Monday, March 28, 2011

TOKYO—Shares of Tokyo Electric Power Co. hit a 34-year low Monday as speculation grew about a possible government takeover of the company, which faces multibillion-dollar losses from its nuclear disaster.

A spokesman for Prime Minister Naoto Kan said nationalization isn't on the agenda, but Japan was abuzz with talk about how the company, known as Tepco, could handle its liabilities.

"There is a strong possibility the current legal framework may not be adequate to solve the situation. The solution then will be temporary nationalization of the company," said Yoshimi Watanabe, leader of the opposition Your Party, at a news conference Friday.

Billions of dollars are likely to be sought by people in the 20-kilometer (12-mile) evacuation zone around the nuclear plant, as well as farmers beyond the zone who had to destroy crops because of radiation exposure and other victims.

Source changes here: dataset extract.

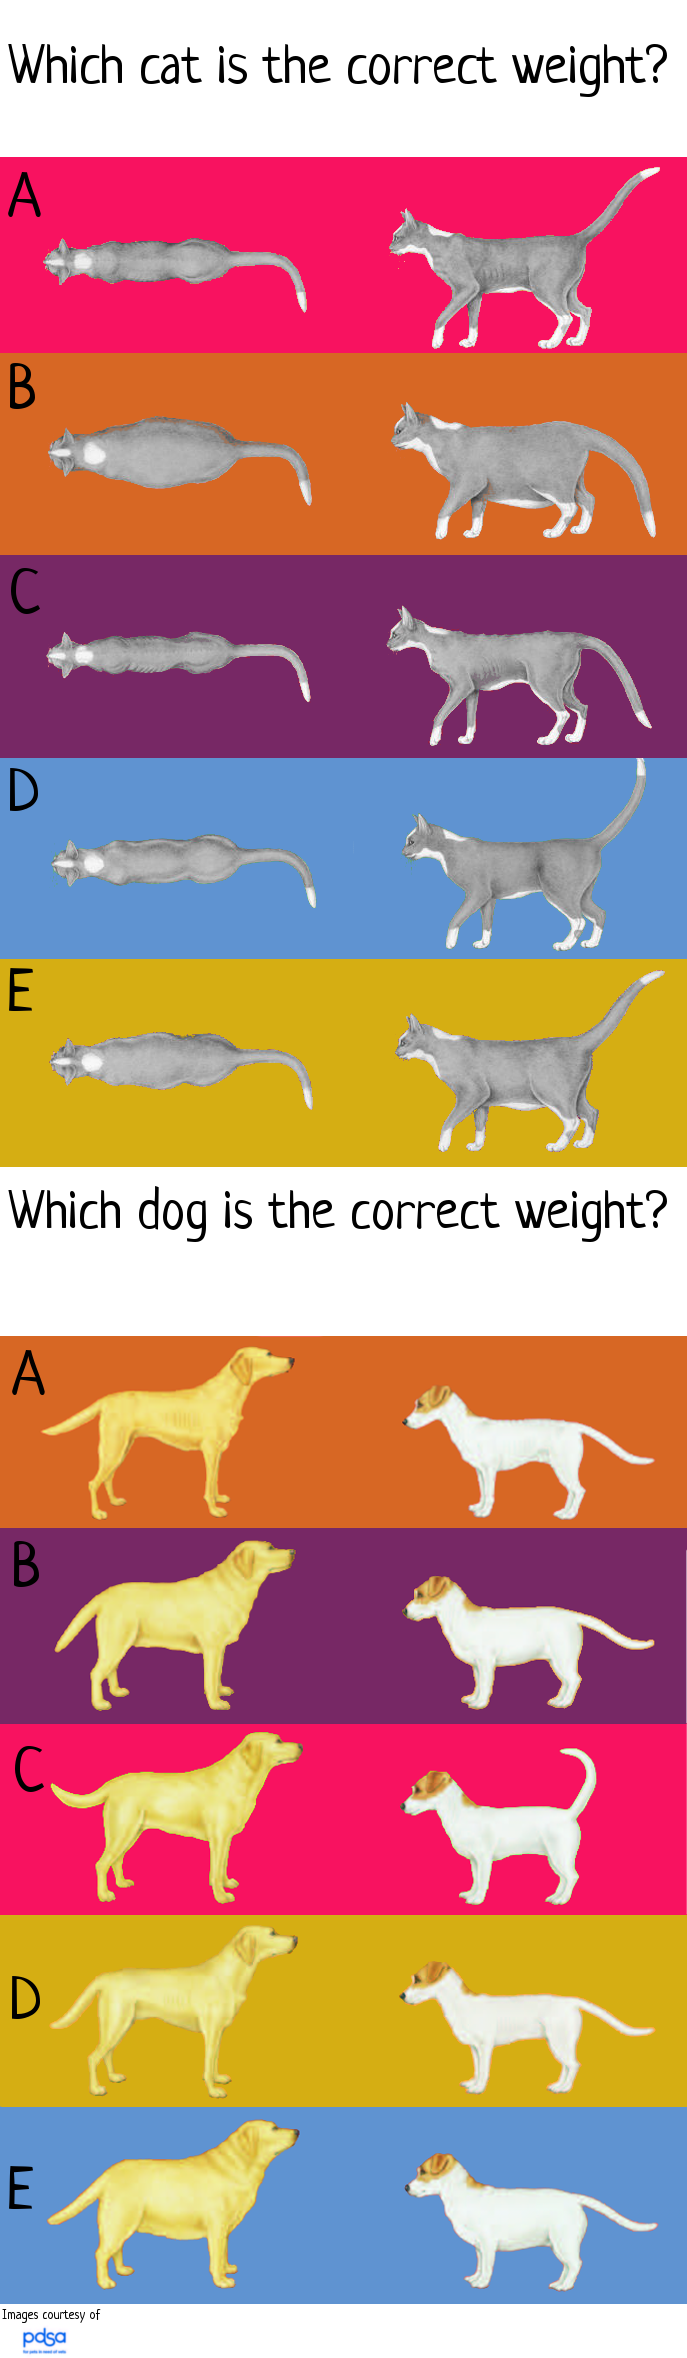 cat and dog weight quiz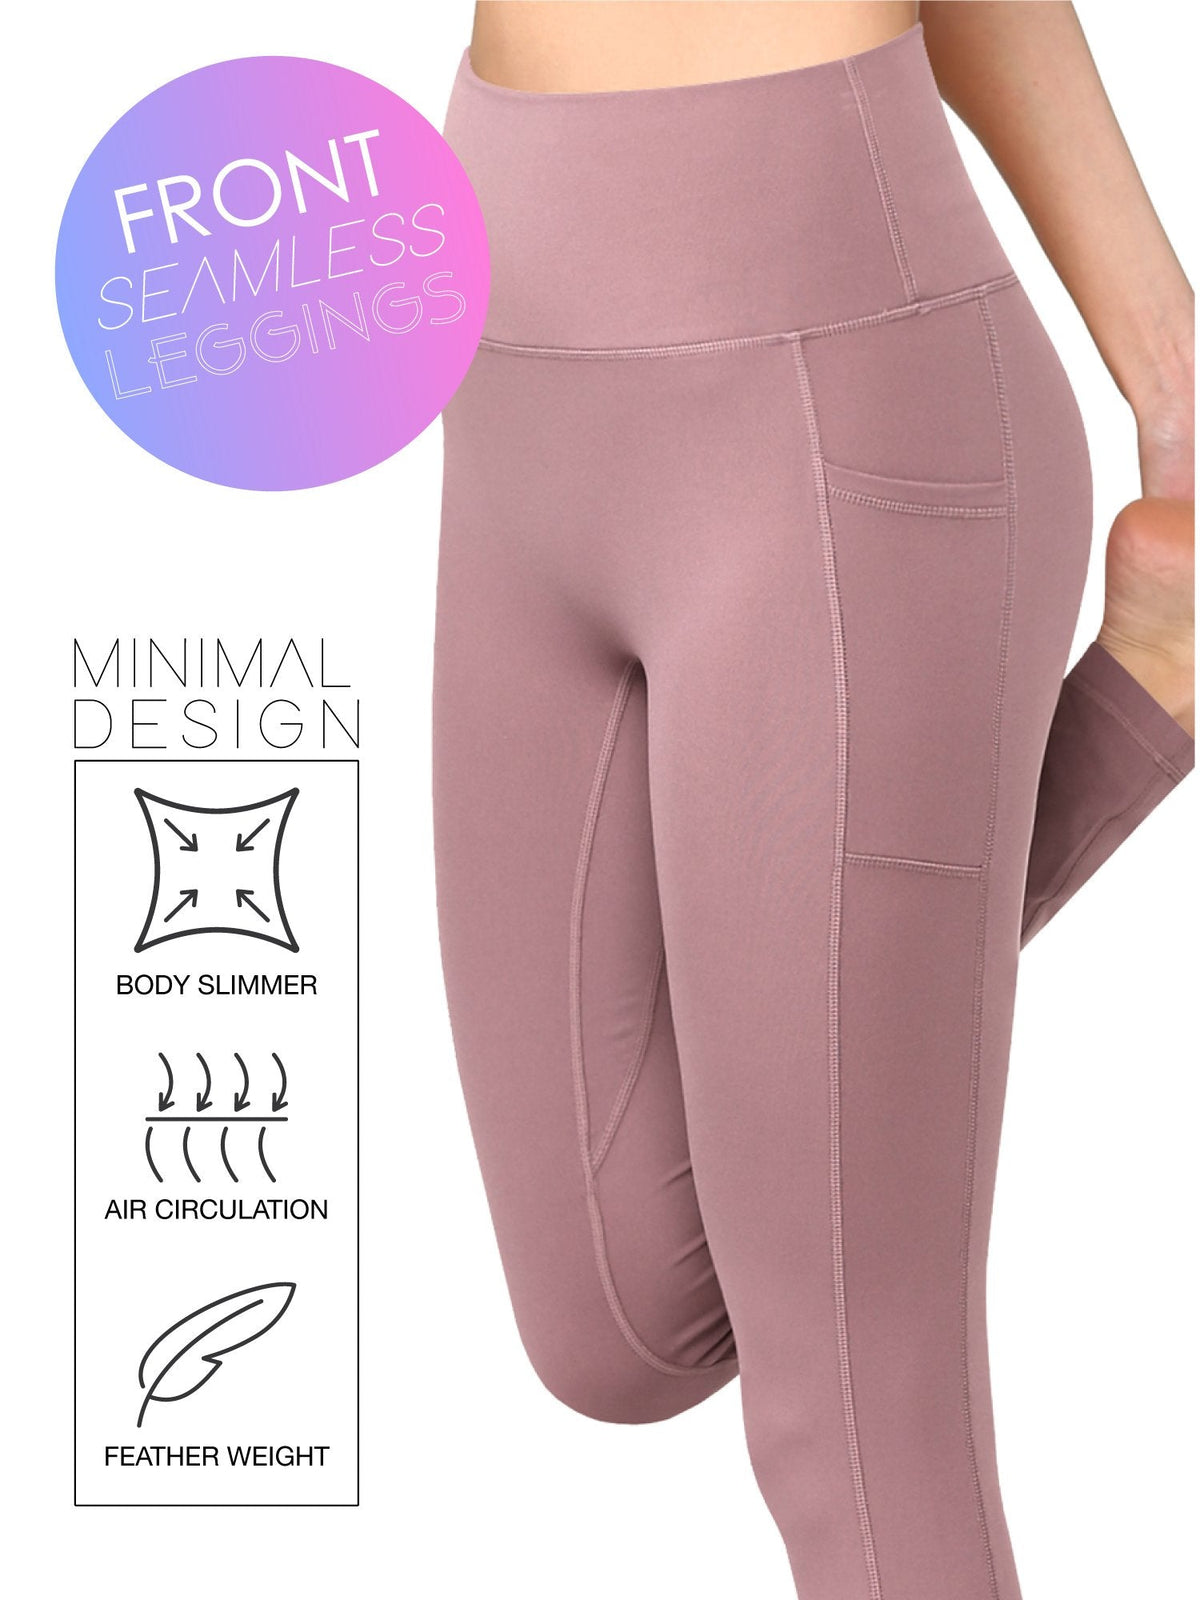 Every Day Wear Leggings with Side Pockets Yoga Pants

Tepco and the government haven't given an official liability estimate, but the company has said it wants to raise two trillion yen, or about $25 billion. Major banks have expressed willingness to provide loans. The company just finished raising 450 billion yen through an equity offering last October.

A key question is whether the troubles at Tepco's Fukushima Daiichi nuclear-power plant qualify under a 1961 Japanese law as a "grave natural disaster of an exceptional character." If so, under the law the government would likely be responsible for much of the damages.

Tepco shares fell by the maximum daily limit Monday, dipping nearly 18% to 696 yen from 846 yen at Friday's close on the Tokyo Stock Exchange. Before the March 11 quake, the shares were trading above 2,100 yen, meaning they have lost more than two-thirds of their value.

A Tepco spokesman said Monday that the company is focusing on the Fukushima Daiichi problems and hasn't given thought to how the company's structure might change after the problems are resolved. The spokesman said Tepco will take direction from the government in determining how damages should be paid.

Stumbles by Tepco since the quake have created public-image problems and have made it harder for the government to do anything that might be perceived as a bailout of Tepco in its current structure. Over the weekend, the company reported that radiation at the plant's No. 2 reactor was 10 million times the normal level, only to revise the estimate later in the day to 100,000 times. The company apologized for the error.

Mr. Edano said Monday that the erroneous readings are "not acceptable."

In another embarrassment, Tepco said its president, Masataka Shimizu, spent several days away from crisis headquarters starting March 16 because of illness. The company said that during his time away, Mr. Shimizu continued to monitor the situation from another part of Tepco's home office. He hasn't been seen in public since March 13.

It is common in Japan for chief executives to keep a low profile during a crisis, as Toyota Motor Corp. CEO Akio Toyoda did last year during the early stages of an uproar over safety issues. Still, Mr. Shimizu's extended absence from the public eye has begun to raise comment, although the company says he is directing efforts from behind the scenes.

The cost of protection against a default on Tepco bonds has risen about 10-fold since before the quake. Both Moody's and Standard & Poor's have cut the company's credit rating by one notch.

"There are growing concerns that the nuclear issue may drag on for a protracted period," said Masayoshi Yano, a market analyst at Meiwa Securities.

Tepco has said its plant wasn't built to withstand a tsunami estimated at 14 meters and a 9-magnitude quake, the strongest in Japan's recorded history. The government approved the plant as built, so Tepco could argue that any accident caused by such a calamity counts as a "grave natural disaster."

However, the government's chief spokesman, Yukio Edano, said Friday that he believed an exemption from liability was "impossible" under the "social circumstances."

Tokyo-based equity strategist Nicholas Smith said Tepco has a large amount of debt compared with its net worth. "It had very strong free cash flow, which was what made that debt acceptable, but they are going to have to spend a lot of money now," he said. "The future of the company is very uncertain."

A spokesman for Japan's cabinet said the government is occupied with fixing the problems at Fukushima Daiichi. "We do not see any need to change this structure and nationalize Tepco," said spokesman Noriyuki Shikata.

Tepco retains support as a pillar of Japan's business community. Lorne Steinberg, who runs a Canada-based fund with a quarter of its assets in Japan, said the company's shareholders include powerful institutions that would be loath to see their shares wiped out. Foreign investors, including major names such as Vanguard, owned slightly under 18% of Tepco shares as of March 2010.

"Virtually everybody has a strong stake in seeing it successful," Mr. Steinberg said.